| Task to carry out |
Among the records below, find the line that has "BACON CLOTHING Big"; from there, give the lines again exactly, and stop after the line that has "SAT, Ministerialprotokoller, klokkerbøker".

+---+

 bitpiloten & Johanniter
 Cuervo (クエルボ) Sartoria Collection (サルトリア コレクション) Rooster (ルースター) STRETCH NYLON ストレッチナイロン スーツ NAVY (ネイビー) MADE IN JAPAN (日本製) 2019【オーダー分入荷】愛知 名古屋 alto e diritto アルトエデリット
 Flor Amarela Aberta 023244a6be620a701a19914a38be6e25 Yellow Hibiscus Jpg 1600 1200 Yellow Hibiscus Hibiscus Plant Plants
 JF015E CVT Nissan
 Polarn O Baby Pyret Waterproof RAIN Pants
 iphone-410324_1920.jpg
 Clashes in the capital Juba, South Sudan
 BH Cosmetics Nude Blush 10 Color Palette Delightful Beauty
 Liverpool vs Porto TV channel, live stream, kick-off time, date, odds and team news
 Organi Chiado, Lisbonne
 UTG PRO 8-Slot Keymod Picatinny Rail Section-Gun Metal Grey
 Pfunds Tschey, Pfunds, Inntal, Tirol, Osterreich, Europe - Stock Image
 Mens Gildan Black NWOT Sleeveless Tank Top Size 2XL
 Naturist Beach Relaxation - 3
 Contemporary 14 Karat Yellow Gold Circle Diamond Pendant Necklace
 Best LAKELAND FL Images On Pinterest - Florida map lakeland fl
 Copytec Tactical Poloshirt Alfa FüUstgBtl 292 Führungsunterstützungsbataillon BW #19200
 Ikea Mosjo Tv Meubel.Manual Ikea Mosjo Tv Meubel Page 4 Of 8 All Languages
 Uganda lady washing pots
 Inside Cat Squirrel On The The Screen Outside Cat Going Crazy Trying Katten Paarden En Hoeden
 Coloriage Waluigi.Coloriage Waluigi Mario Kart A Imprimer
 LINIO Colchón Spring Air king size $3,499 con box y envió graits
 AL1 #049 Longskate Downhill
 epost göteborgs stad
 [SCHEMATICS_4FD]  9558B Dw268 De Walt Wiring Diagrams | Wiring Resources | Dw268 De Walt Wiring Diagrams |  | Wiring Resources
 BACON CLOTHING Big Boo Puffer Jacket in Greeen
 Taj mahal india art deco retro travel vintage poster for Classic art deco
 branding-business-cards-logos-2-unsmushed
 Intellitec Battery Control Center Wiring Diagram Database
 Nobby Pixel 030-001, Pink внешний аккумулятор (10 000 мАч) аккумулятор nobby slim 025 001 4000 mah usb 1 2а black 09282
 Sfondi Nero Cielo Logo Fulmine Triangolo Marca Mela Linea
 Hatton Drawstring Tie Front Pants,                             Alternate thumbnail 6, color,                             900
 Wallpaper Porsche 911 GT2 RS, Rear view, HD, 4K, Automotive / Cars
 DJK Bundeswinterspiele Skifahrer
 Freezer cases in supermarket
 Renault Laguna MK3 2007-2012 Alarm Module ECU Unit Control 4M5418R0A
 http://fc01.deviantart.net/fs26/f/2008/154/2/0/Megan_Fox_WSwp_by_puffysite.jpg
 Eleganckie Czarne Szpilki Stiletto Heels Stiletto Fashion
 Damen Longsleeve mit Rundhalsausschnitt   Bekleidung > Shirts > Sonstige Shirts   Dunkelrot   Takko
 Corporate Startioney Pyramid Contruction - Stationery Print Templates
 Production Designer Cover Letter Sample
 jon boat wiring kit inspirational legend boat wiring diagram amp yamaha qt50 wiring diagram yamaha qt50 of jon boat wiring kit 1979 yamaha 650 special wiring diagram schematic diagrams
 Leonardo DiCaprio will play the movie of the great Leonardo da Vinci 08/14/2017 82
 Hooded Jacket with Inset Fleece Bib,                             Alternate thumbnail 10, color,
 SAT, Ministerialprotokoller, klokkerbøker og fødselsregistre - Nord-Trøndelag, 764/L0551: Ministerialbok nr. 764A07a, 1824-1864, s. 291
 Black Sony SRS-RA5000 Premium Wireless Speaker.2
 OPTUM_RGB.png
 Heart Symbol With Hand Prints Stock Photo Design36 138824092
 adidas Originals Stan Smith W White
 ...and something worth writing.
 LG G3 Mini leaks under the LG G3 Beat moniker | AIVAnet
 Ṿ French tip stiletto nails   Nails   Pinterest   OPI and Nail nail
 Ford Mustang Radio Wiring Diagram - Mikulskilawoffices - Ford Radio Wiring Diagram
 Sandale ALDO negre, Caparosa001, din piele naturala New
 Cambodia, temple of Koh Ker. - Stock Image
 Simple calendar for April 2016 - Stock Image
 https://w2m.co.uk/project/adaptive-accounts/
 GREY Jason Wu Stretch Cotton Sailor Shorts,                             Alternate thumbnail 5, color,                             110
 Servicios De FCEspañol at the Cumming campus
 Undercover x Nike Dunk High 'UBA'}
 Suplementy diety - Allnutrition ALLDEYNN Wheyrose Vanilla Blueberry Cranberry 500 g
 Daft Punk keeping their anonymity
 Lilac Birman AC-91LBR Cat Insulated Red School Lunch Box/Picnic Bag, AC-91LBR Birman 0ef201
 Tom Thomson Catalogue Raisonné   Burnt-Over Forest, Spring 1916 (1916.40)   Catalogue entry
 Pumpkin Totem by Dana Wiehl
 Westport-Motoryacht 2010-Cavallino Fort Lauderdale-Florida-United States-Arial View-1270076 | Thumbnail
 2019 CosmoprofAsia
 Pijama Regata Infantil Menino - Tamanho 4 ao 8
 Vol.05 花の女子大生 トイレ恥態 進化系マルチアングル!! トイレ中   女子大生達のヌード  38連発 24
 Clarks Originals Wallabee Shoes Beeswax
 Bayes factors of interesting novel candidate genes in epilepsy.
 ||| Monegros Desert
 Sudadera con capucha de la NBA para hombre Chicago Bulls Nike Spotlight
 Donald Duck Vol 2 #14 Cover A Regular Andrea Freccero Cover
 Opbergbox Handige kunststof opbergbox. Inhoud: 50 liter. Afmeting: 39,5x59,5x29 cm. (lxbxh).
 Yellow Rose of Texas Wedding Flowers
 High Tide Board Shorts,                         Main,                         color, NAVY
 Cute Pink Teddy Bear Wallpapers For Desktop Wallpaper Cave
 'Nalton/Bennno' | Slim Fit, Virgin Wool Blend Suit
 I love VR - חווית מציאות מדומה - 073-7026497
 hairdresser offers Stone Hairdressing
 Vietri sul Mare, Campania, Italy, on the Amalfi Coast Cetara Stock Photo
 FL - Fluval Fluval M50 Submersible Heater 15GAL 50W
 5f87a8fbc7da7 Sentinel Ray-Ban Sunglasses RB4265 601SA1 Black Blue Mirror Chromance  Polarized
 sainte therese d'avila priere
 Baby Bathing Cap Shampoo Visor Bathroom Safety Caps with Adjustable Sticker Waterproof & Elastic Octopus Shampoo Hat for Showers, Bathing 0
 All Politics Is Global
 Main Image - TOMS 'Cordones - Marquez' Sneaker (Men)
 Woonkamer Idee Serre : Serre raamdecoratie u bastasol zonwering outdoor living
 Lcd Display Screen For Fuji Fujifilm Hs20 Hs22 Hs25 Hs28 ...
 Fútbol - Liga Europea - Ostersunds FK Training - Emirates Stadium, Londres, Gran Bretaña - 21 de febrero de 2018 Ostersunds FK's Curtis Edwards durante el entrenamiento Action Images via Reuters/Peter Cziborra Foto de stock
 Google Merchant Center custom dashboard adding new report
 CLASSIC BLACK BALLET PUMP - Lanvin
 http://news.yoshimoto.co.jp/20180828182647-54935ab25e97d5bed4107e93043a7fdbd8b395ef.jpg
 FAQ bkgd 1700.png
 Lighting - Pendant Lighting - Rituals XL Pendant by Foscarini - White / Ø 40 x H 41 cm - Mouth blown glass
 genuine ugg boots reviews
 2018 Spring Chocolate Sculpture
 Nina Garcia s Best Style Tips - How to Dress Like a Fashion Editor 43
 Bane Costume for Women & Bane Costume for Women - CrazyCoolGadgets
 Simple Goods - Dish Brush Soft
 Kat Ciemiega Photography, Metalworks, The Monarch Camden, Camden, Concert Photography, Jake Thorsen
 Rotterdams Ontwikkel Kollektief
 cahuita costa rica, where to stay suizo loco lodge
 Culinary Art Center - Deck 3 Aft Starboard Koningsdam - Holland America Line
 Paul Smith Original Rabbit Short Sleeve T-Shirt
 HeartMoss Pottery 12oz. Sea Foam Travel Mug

+---+

| Answer to the problem |
 BACON CLOTHING Big Boo Puffer Jacket in Greeen
 Taj mahal india art deco retro travel vintage poster for Classic art deco
 branding-business-cards-logos-2-unsmushed
 Intellitec Battery Control Center Wiring Diagram Database
 Nobby Pixel 030-001, Pink внешний аккумулятор (10 000 мАч) аккумулятор nobby slim 025 001 4000 mah usb 1 2а black 09282
 Sfondi Nero Cielo Logo Fulmine Triangolo Marca Mela Linea
 Hatton Drawstring Tie Front Pants,                             Alternate thumbnail 6, color,                             900
 Wallpaper Porsche 911 GT2 RS, Rear view, HD, 4K, Automotive / Cars
 DJK Bundeswinterspiele Skifahrer
 Freezer cases in supermarket
 Renault Laguna MK3 2007-2012 Alarm Module ECU Unit Control 4M5418R0A
 http://fc01.deviantart.net/fs26/f/2008/154/2/0/Megan_Fox_WSwp_by_puffysite.jpg
 Eleganckie Czarne Szpilki Stiletto Heels Stiletto Fashion
 Damen Longsleeve mit Rundhalsausschnitt   Bekleidung > Shirts > Sonstige Shirts   Dunkelrot   Takko
 Corporate Startioney Pyramid Contruction - Stationery Print Templates
 Production Designer Cover Letter Sample
 jon boat wiring kit inspirational legend boat wiring diagram amp yamaha qt50 wiring diagram yamaha qt50 of jon boat wiring kit 1979 yamaha 650 special wiring diagram schematic diagrams
 Leonardo DiCaprio will play the movie of the great Leonardo da Vinci 08/14/2017 82
 Hooded Jacket with Inset Fleece Bib,                             Alternate thumbnail 10, color,
 SAT, Ministerialprotokoller, klokkerbøker og fødselsregistre - Nord-Trøndelag, 764/L0551: Ministerialbok nr. 764A07a, 1824-1864, s. 291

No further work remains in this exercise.